2011 Dodge Journey Troubleshooting
Available with 4 or 6 cyl., optional AWD (6 cyl. only)
When braking, the steering wheel shakes back and forth from side to side, or a vibration is felt in the seat.
Rotors are out of round or have thickness variations. Most modern cars leave little room for machining the rotors, and will need to be replaced. Brake pad replacement is recommended at the same time. Shaking in the steering wheel indicates front rotors are the most likely cause, and shaking felt in the seat indicates rear rotors.
When tires are first wearing and out of round, it often manifests as shaking during braking. Tires can be checked by a dealership or tire store (accurate diagnosis requires expensive machinery).
Again, a dealership or other auto repair shop will need to diagnose and fix this. Alignments are often needed after replacement as well.
There is a light that is inoperative, regardless of driver/switch input.

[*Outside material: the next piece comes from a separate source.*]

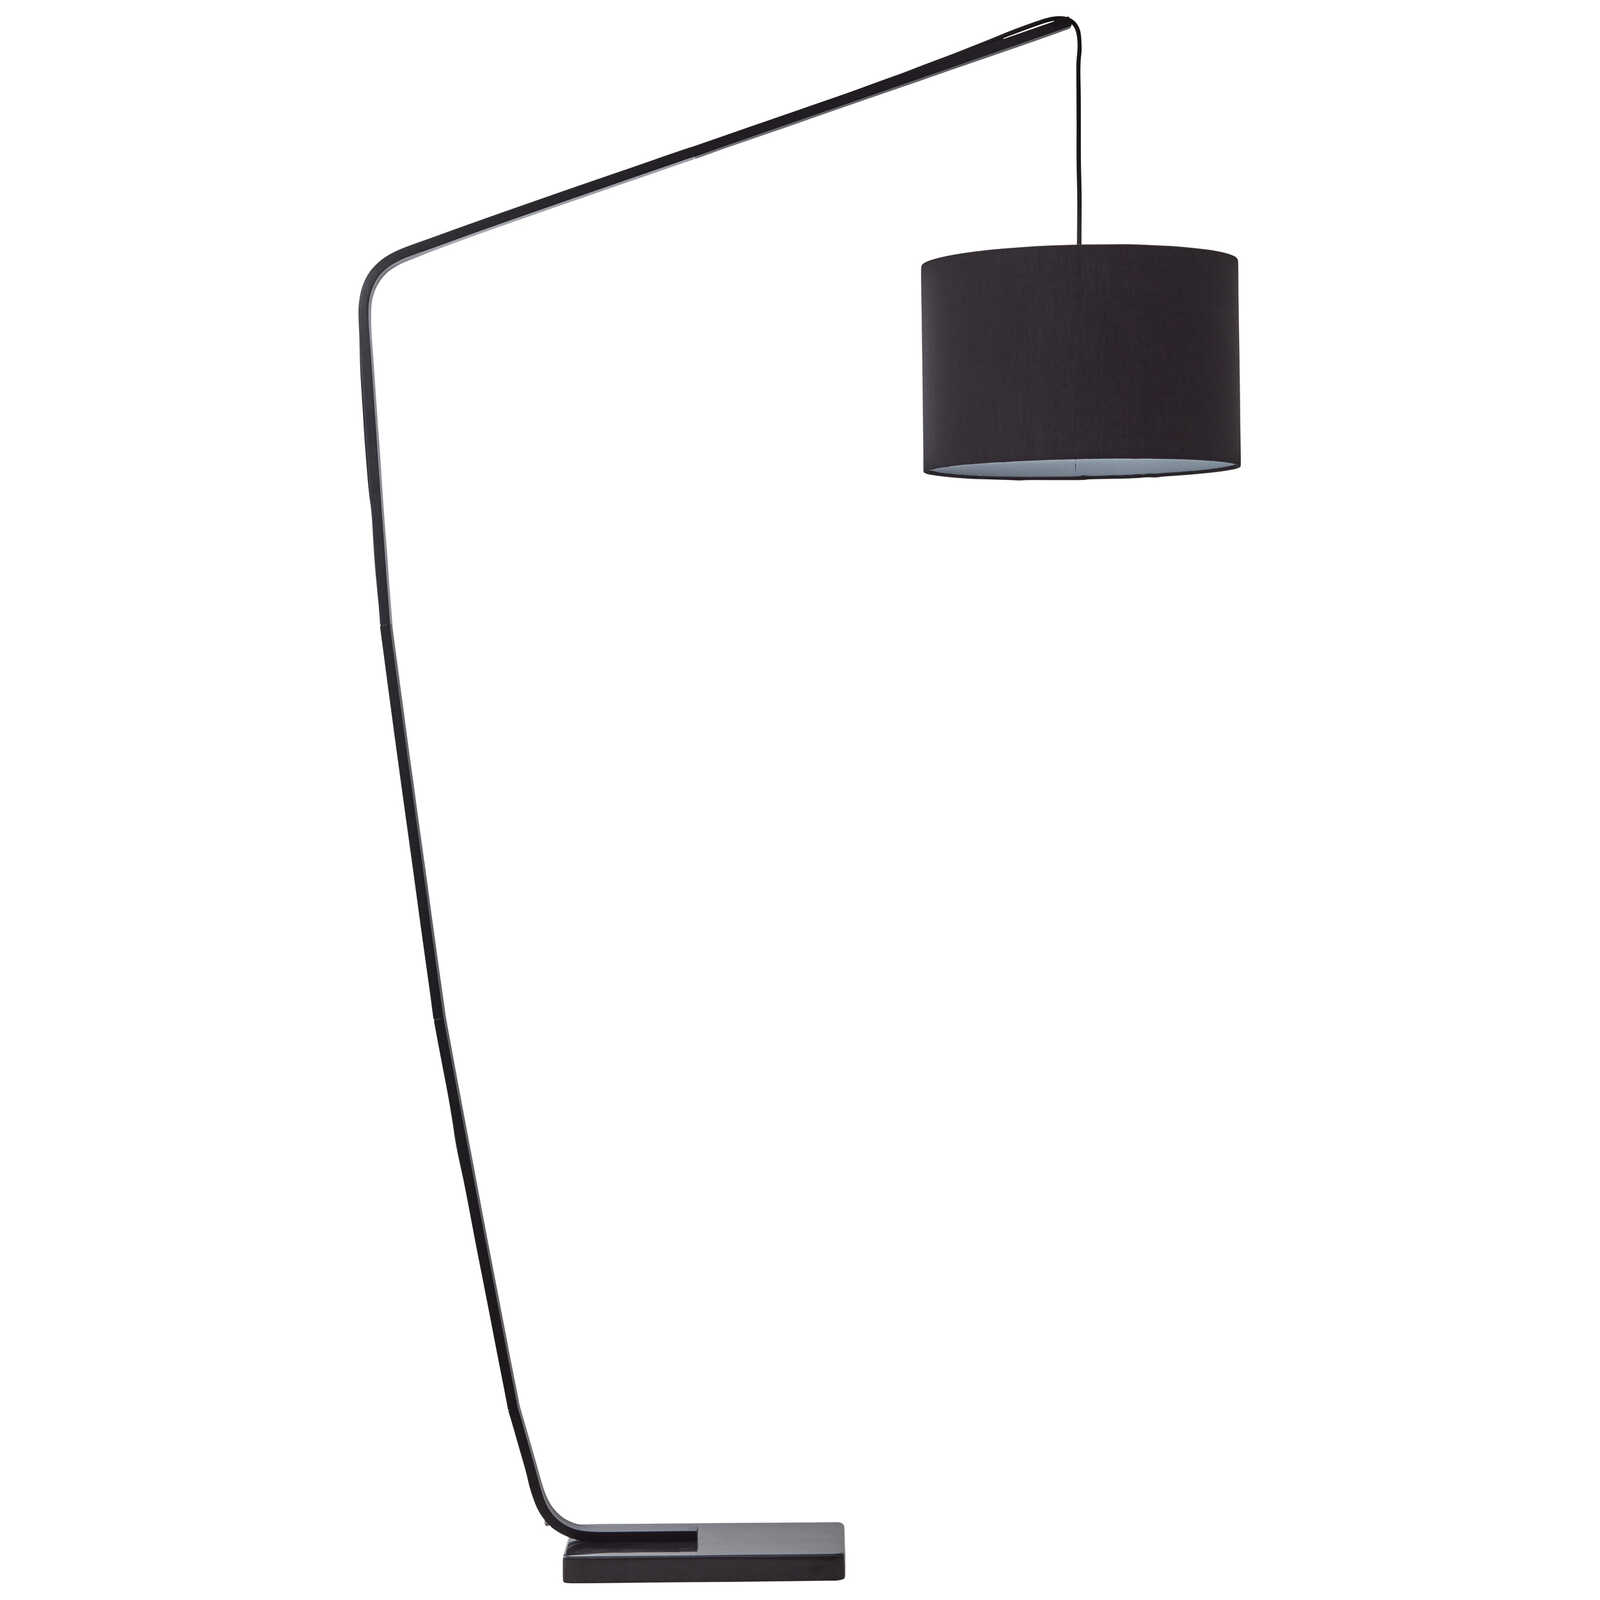             Textile arc floor lamp - Enno 2 - Black

A fuse can often be the problem here. For headlights, each side has its own fuse for the high and low beams. Other lights usually share fuses - e.g. both brake lights on one, tail/parking lamps on another, interior lamps, etc. Fuses often blow for a reason, however, and may blow immediately or shortly after replacement if the cause is not fixed.
A bulb may be blown as well. In some cases, it is simple to remove and visually inspect the bulb, although visual inspection is not always reliable. Bulbs can also blow in specific ways that cause shorts, and may blow fuses. Also, many lights in these cars are computer controlled (even simple bulbs like the brakes or tail lamps), and computer memory may need to be cleared to reset power to the lamp after bulb replacement.
Wires that are shorted or broken may be the cause. As mentioned before, many lamps are computer controlled, and require dealership specific scan tools to identify certain issues. Other causes may be ground points, lamp sockets, or poor pin contact at connectors.
There may be a rattling from one of the speakers, especially with music of deep lows or bass.
Most speakers are in the doors - rattling may be caused by loose change or other objects in the door pockets or handles.
Rattling may be caused by loose interior components. Many interior panels are held in place by plastic clips instead of screws - these clips easily break or weaken, and the panel may vibrate. Sometimes, panels are warped, and felt or rubber adhesive pads can prevent the rattling
The speaker itself may be blown, and require replacement.